Monday, August 17, 2020

Synchronicity: A parallel world with two moons in a book named after a year

Regular readers will know that I just recently read Whitley Strieber's 2007 novel 2012: The War for Souls. While it has a certain Strieberian charm that kept me reading to the end, it is basically a very poorly written book, and I can't recommend it. The story has to do with three versions of earth that exist in parallel universes. One of these is the earth we know. Another is a world in which the dinosaurs never went extinct but rather evolved into a race of (mostly) evil humanoid reptiles. The third is very close to our world but has several differences; they have McDonald's, for example, but it has "emerald arches" rather than golden ones, that sort of thing. (They also had no World Wars and no Communism -- but inexplicably somehow still had a Manhattan Project and have the hydrogen bomb! As I said, it's poorly written.) The most obvious difference, though, is that this parallel earth has two moons -- and "two-moon earth" and "one-moon earth" are used throughout the novel to refer to these two similar worlds.

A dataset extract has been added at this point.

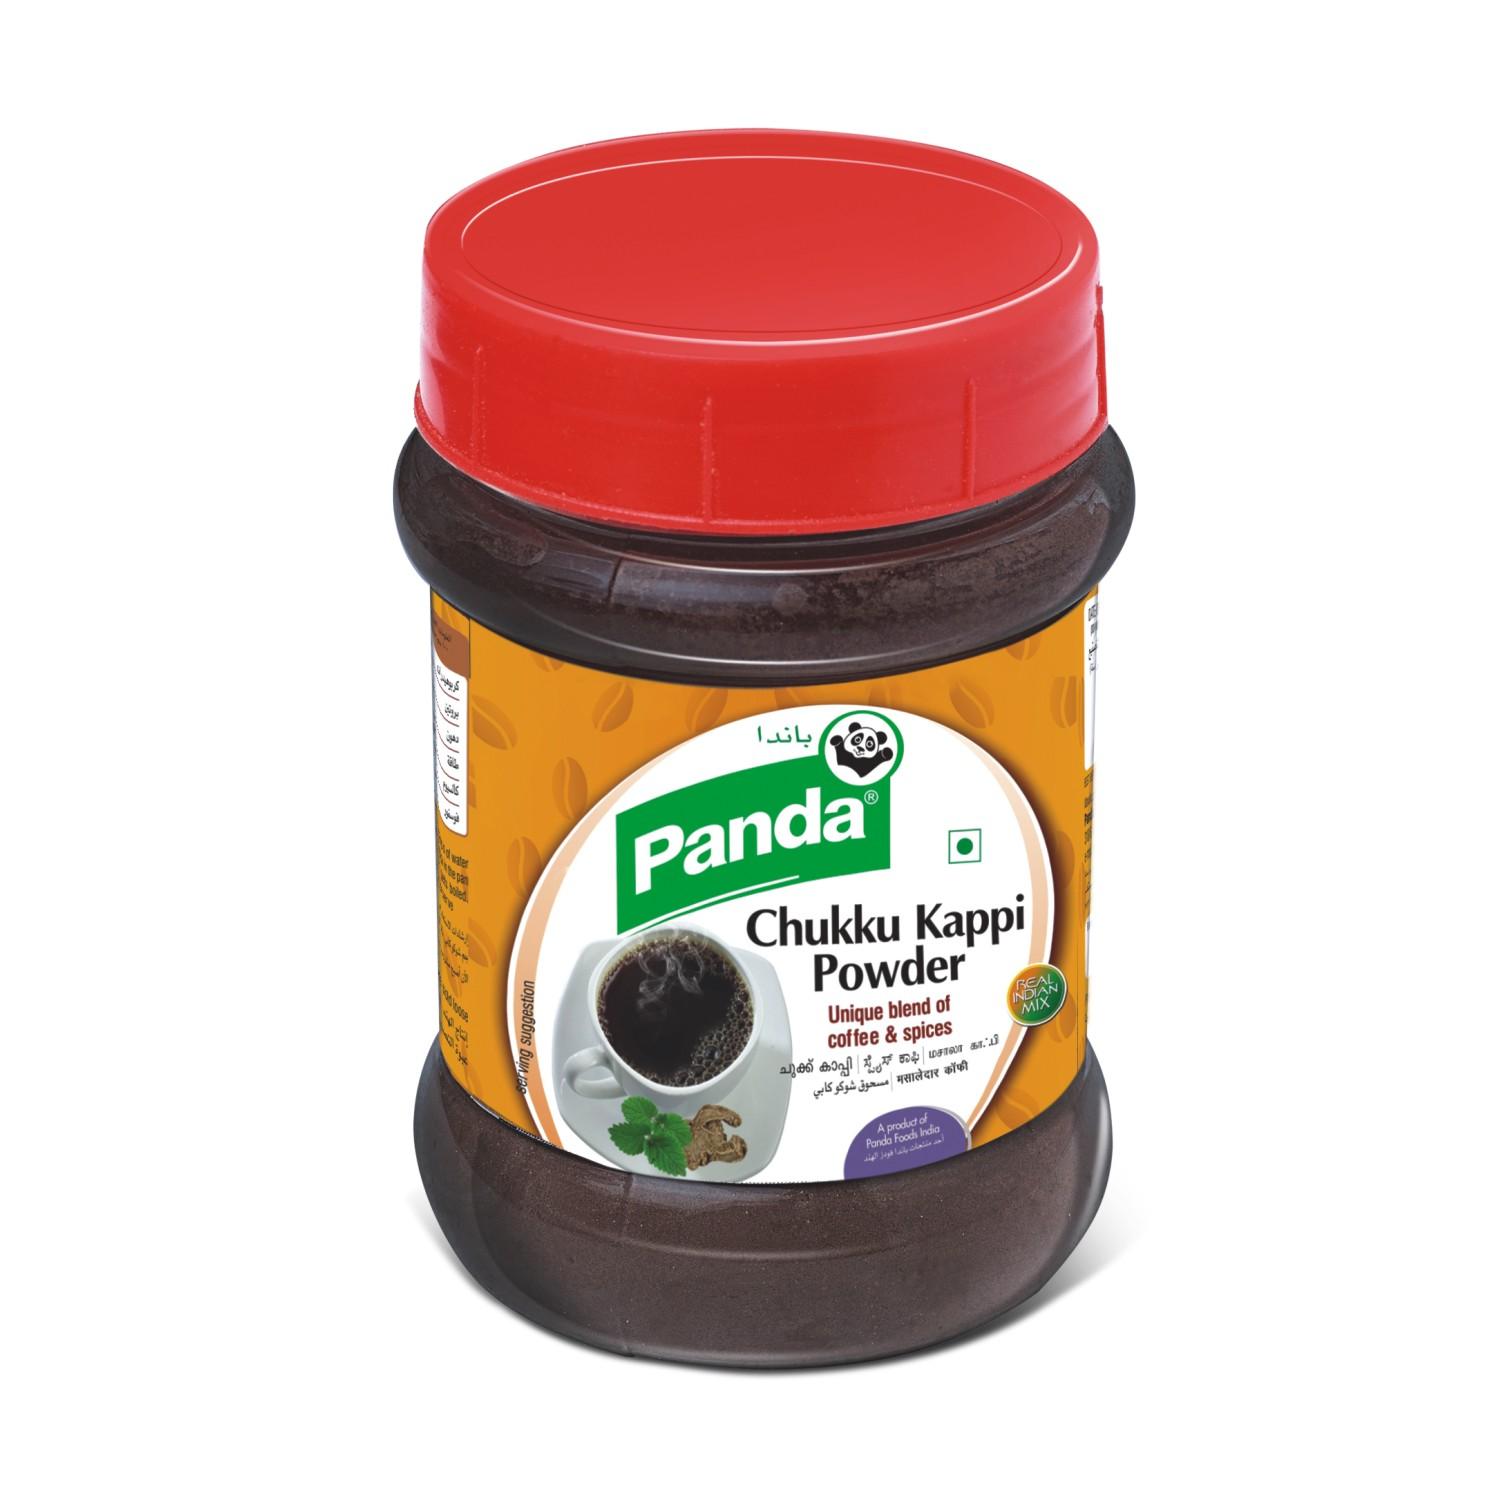 Chukku Kappi Powder

Meanwhile, back in the real world, it just so happens that NASA has recently discovered a tiny asteroid that has been orbiting the earth for a few years, and the press is hyping it a "second moon" despite its diminutive size (just a few meters wide). I discovered this a few days after finishing 2012 when Vox Day linked to a news story about it, titling his post (qv) "We're living in 1Q84."

I knew that 1Q84 was a novel by Haruki Murakami, and that the title is equivalent to 1984 (the Japanese word for "nine" sounds like the English name of the letter Q) but had not read it and knew nothing else about it. (I read A Wild Sheep Chase years ago and enjoyed it, but not enough to try anything else by the author.) A bit of Googling revealed that, just like Strieber's 2012, it is about a parallel earth that has two moons.

Reading the Vox Day post so shortly after finishing 2012 was a coincidence, but it's also a coincidence that two novels were written within a few years of each other -- by very different authors in different countries -- but each with a year as the title, and each featuring a parallel two-moon earth. Strieber's novel was published in 2007; Murakami's in 2009 and 2010 in Japanese, with the English version following in 2011. Therefore, any direct influence would have to have been from Strieber to Murakami rather than vice versa, which seems highly unlikely.

It occurs to me that the film 2010: The Year We Make Contact -- released in 1984, just as the final volume of Murakami's 1Q84 was released in 2010 -- also has a plot that revolves around two moons, in this case two of the moons of Jupiter, not those of a parallel earth. Coincidence, or deliberate homage?